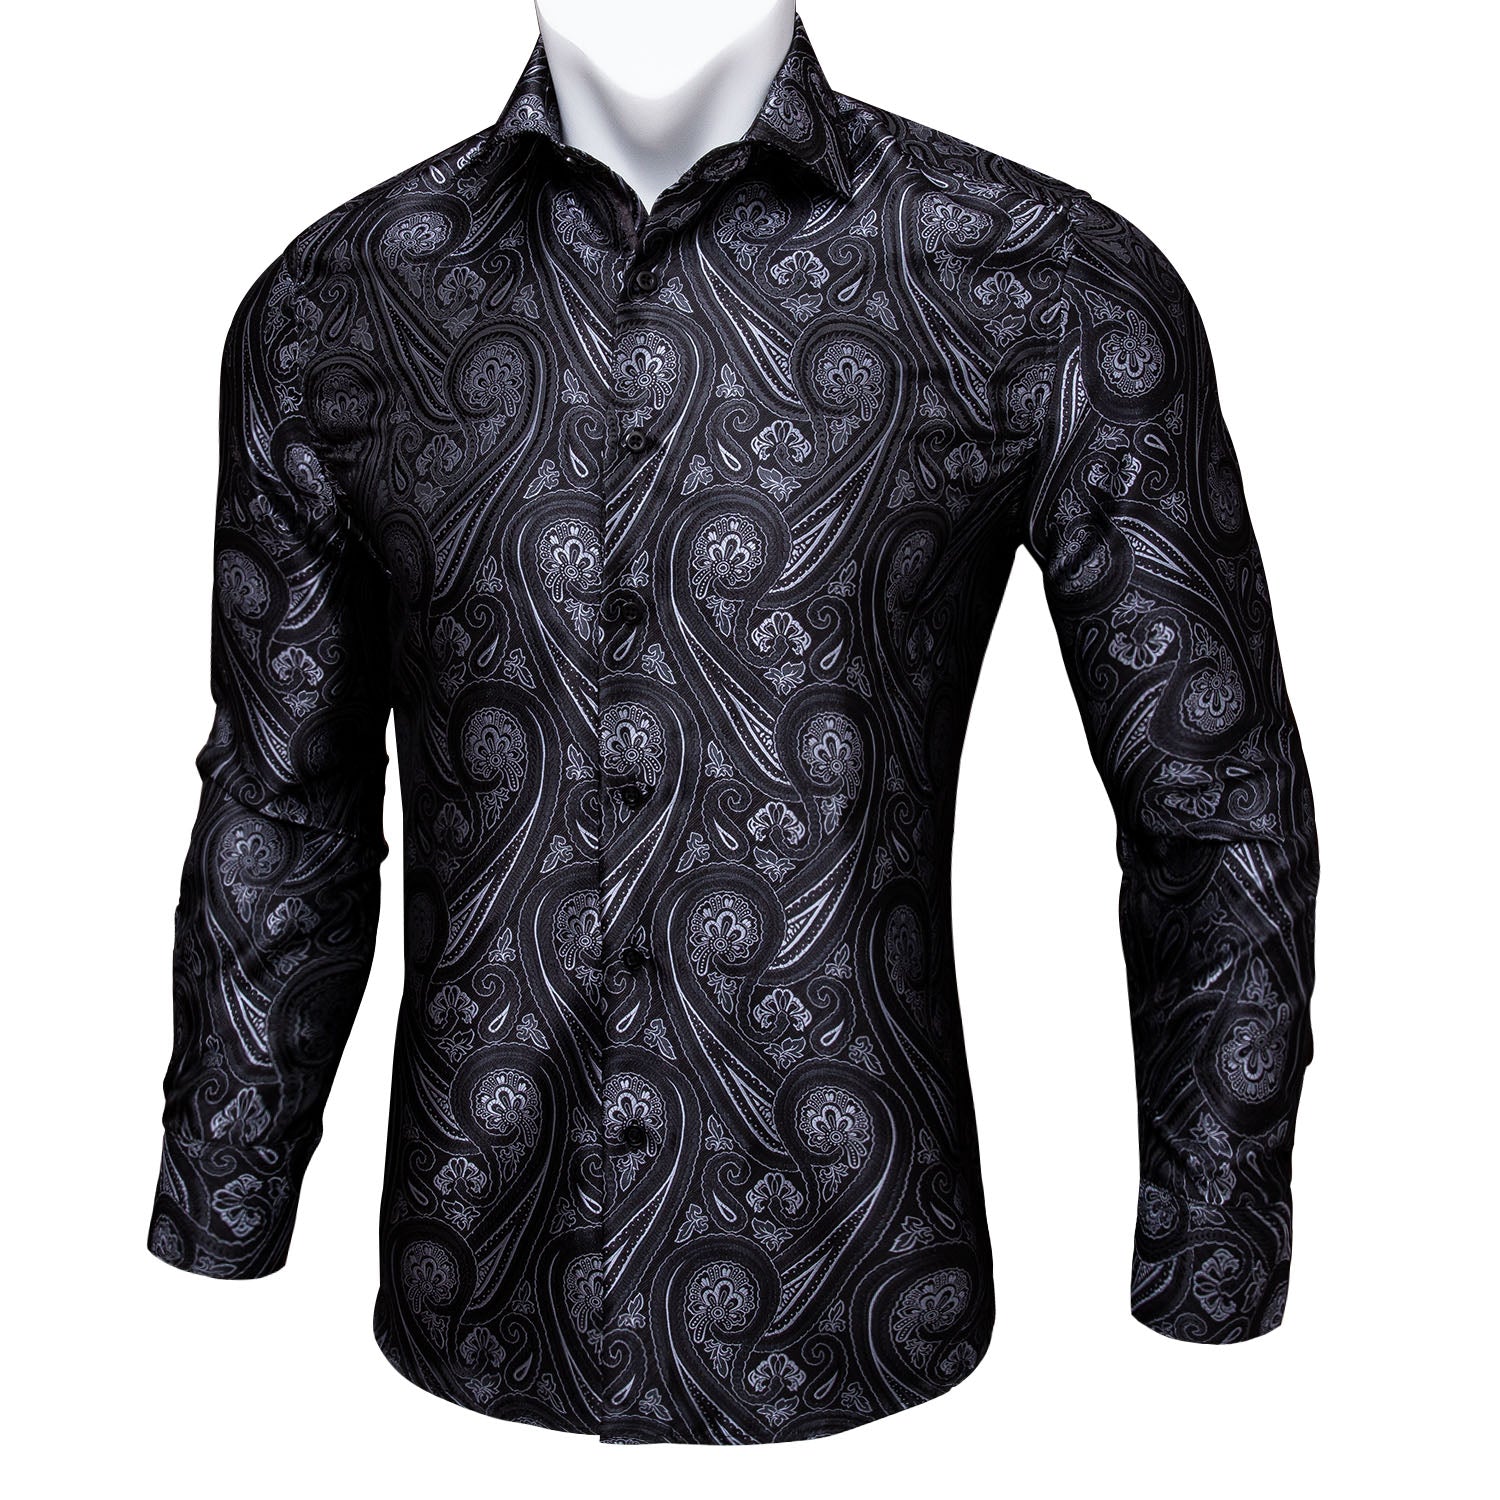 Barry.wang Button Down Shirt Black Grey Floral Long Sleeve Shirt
-=-=-
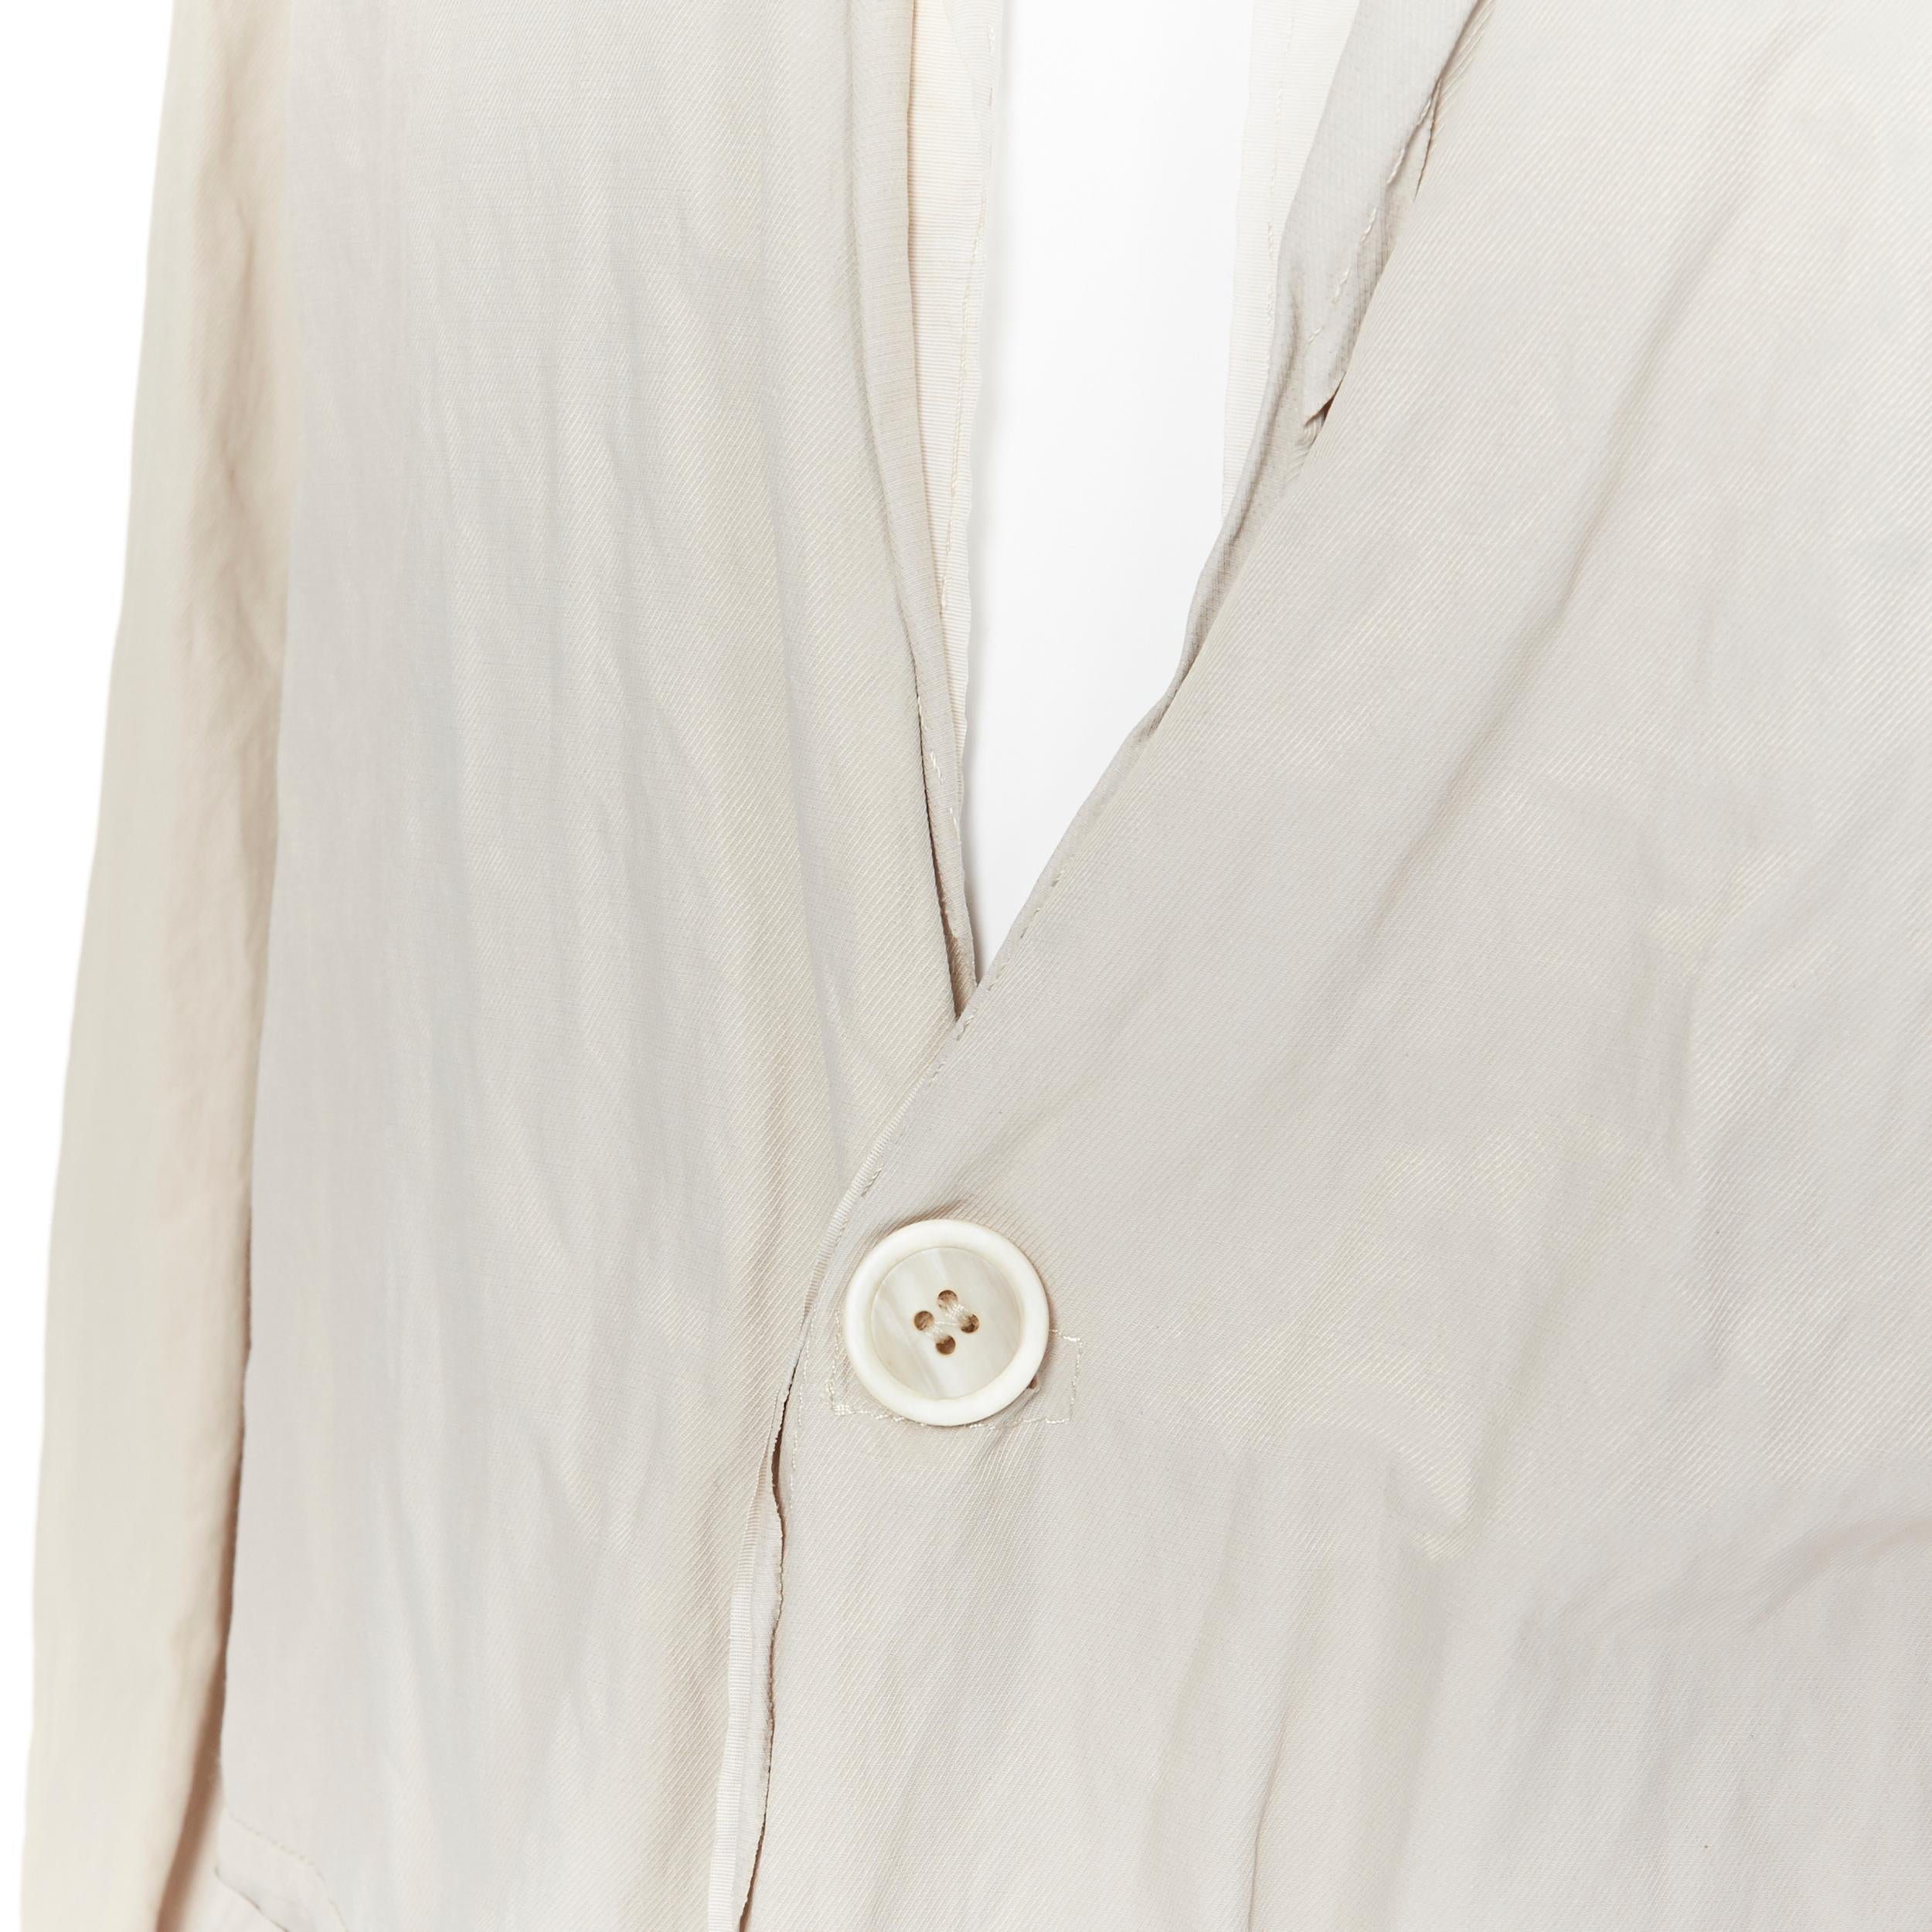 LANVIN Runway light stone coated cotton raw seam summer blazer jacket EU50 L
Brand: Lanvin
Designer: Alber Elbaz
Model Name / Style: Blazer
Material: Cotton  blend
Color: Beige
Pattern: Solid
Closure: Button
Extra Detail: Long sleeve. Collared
-=-=-
◆ Task description
Retype only the lines above between the line with "Color: Beige" and the line with "Extra Detail: Long sleeve. Collared", counting those two lines as well, and keep every character as it is.

◆ Response to the exercise
Color: Beige
Pattern: Solid
Closure: Button
Extra Detail: Long sleeve. Collared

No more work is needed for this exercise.